The panel also rejected a claim that iQOS is less risky than continuing to smoke cigarettes.

The committee voted in favor of the claim that iQOS reduces the body’s exposure to harmful or potentially harmful chemicals but against another that reductions in exposure are reasonably likely to translate to a measurable and substantial reduction in morbidity and or mortality.

Panelists said they think the likelihood iQOS users switch completely to the device is low to medium.

The Food and Drug Administration is not required to follow TPSAC’s recommendations, though historically the regulatory agency has followed the committee’s advice.

Despite today’s setback, Wells Fargo analyst Bonnie Herzog believes that the chances for the FDA to ultimately approve PM’s MRTP are still good, although the timing is tough to predict.

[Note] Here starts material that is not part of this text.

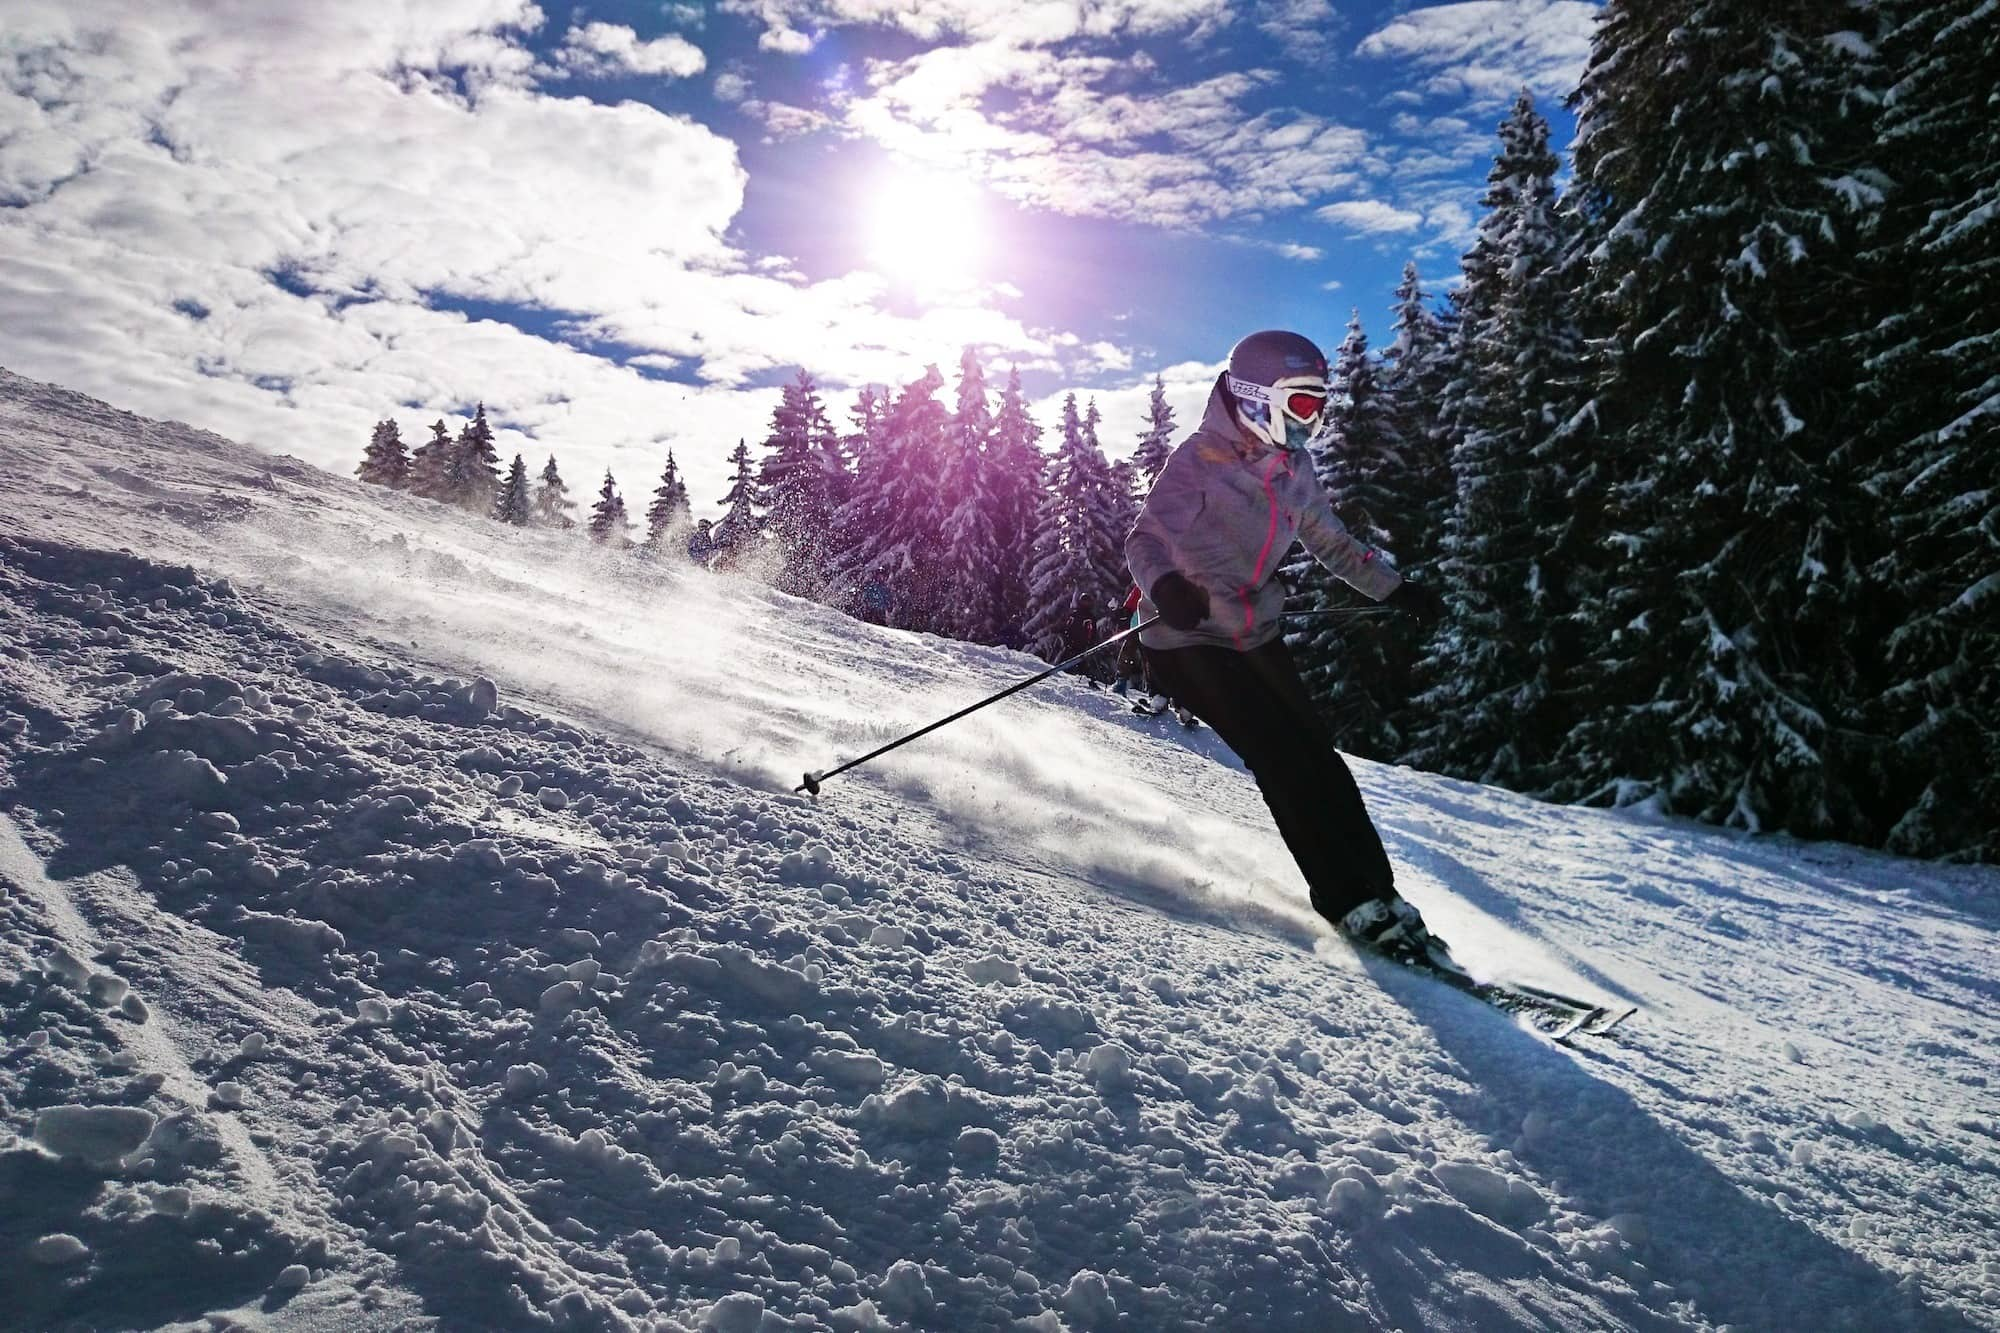 Colorado Gems: 11 Affordable Ski Resorts in Colorado

“We don’t view today’s events as a total disaster given [that] much of the panel’s concerns were around how PM worded its proposed reduced-risk claims and how PM ‘messages’ those claims to the consumer,” she wrote.

Herzog took comfort from the fact that the TPSAC’s recommendation is non-binding, and that PM’s MRTP application is in line with the FDA’S plan for a comprehensive nicotine strategy.

PMI has another application under FDA review that would simply allow iQOS to be sold in the U.S., without the lower-risk claims.